We argue that for venture creation research, our framework has several advantages over
these notions. First, research in these streams tends to be geared toward aggregate-level analyses
(see Table A1) rather than developing knowledge applicable to the level of individual ventures.
Our notions of mechanisms and roles address the venture level. Our framework thus offers
avenues to link aggregate-level, disequilibrating changes to venture-level activity and back to the
aggregate-level outcomes of the change (cf. Coleman, 1990; Kim et al., 2016). Institutional
Theory has some capacity for the same (cf.
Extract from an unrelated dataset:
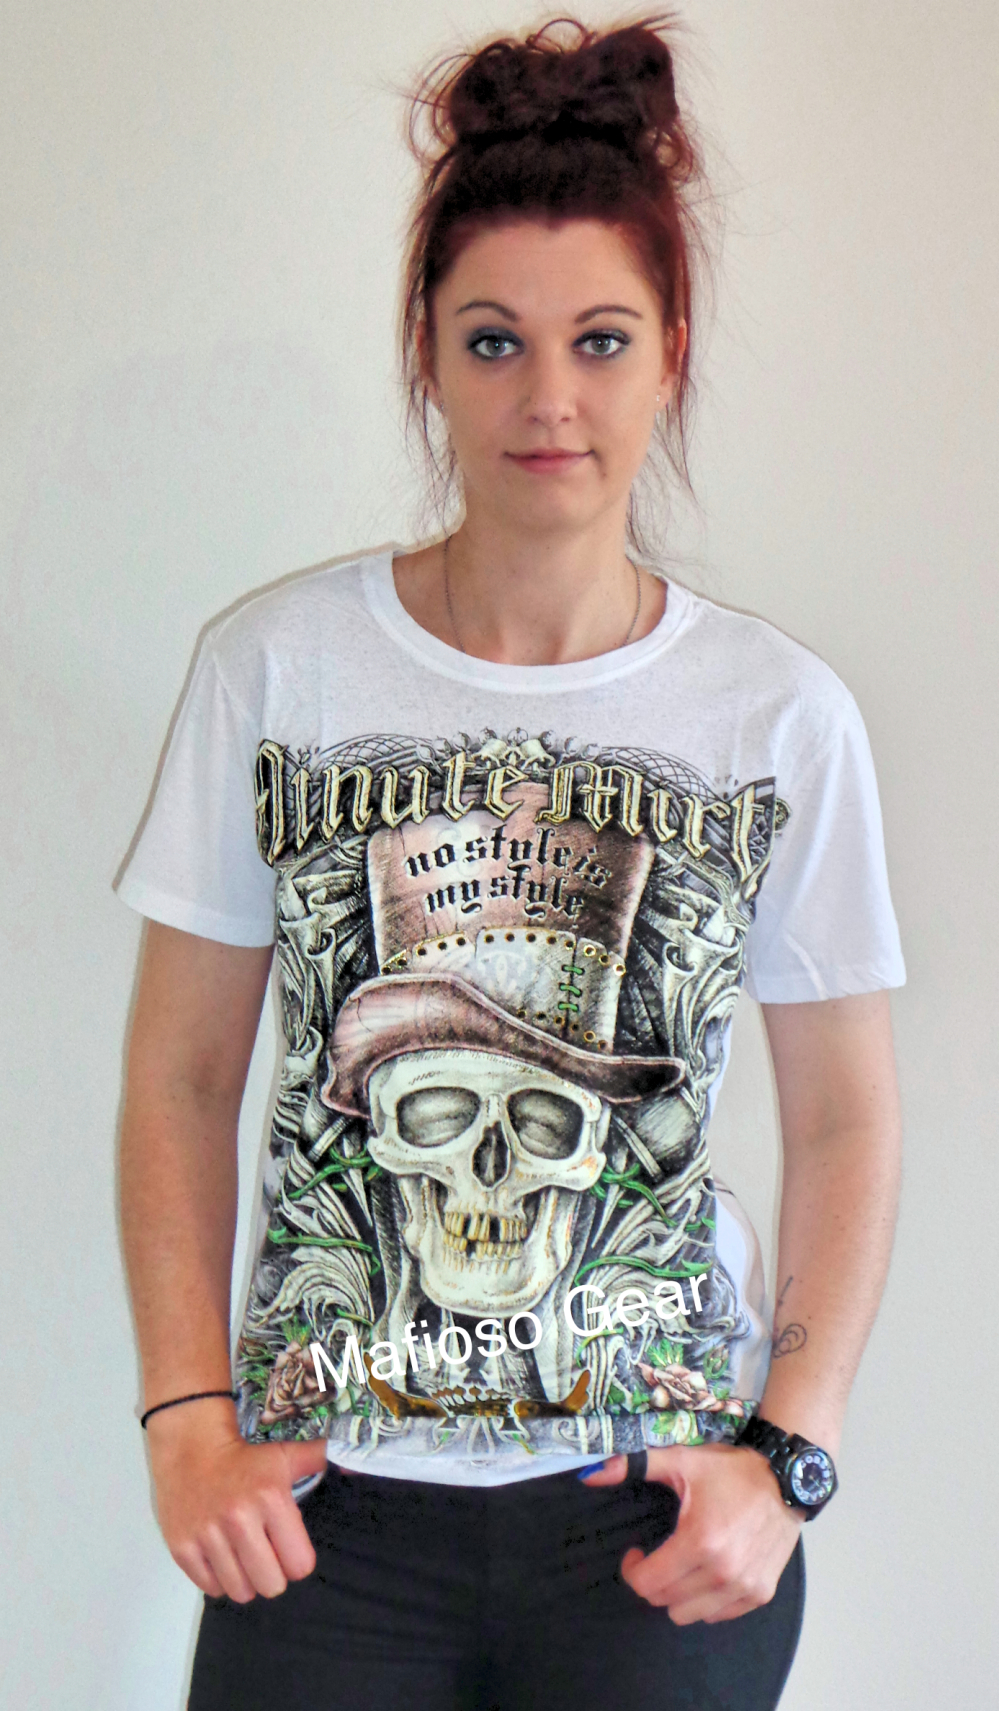 top_hat_t_shirt_unisex__t_shirts_5.jpg
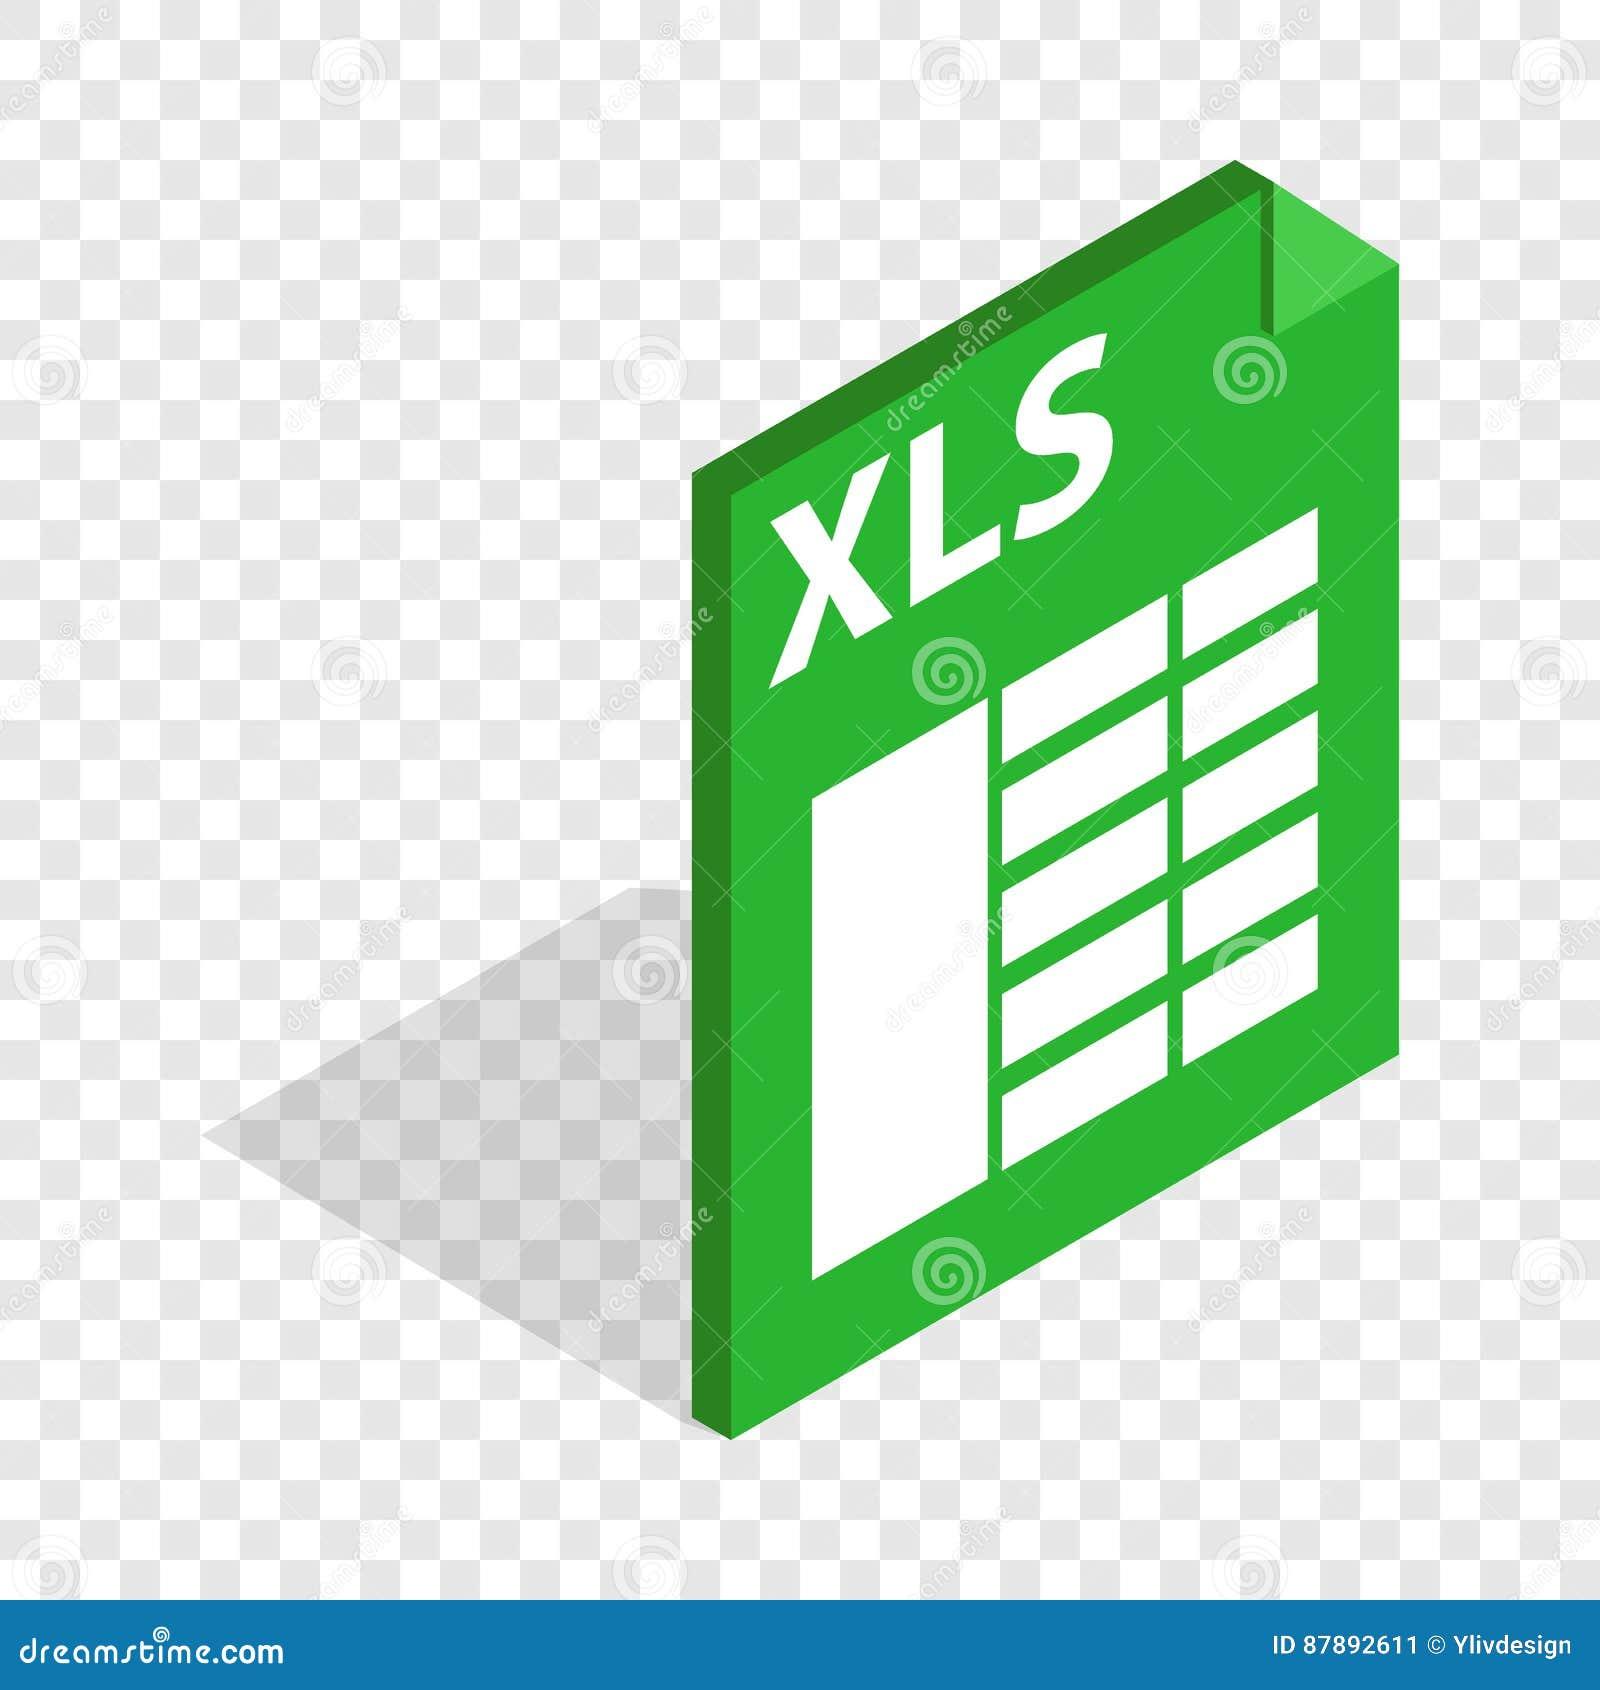 File Format Xls Isometric Icon Stock Vector - Illustration

Hiatt & Sine, 2009; Weber et al., 2008) but there is a
strong tendency for the interpretations to end up in arguments about legitimacy, and like Aldrich
(2010: 330) we question whether a theory “originally used to explain the constraining influence
of institutional structures on human behavior” can provide all the right tools for micro-level
insights into new venture creation.
Second, such research typically focuses on single instances of a particular type of change,
leading to limited theoretical abstraction and generalizability8. Our framework invites research
comparing multiple changes of various types. Such studies could probe further into variance in
scope and onset as well as whether the particular mechanisms and roles provided are closely
related to the type of enabler or apply more generally. We also encourage such designs to include
enablers other than those that can comfortably be characterized as “jolts” or “institutional”. This
8 An illustrative example is Eberhart et al. (2017) whose hypotheses have the form “A lenient bankruptcy reform
will lead to X.”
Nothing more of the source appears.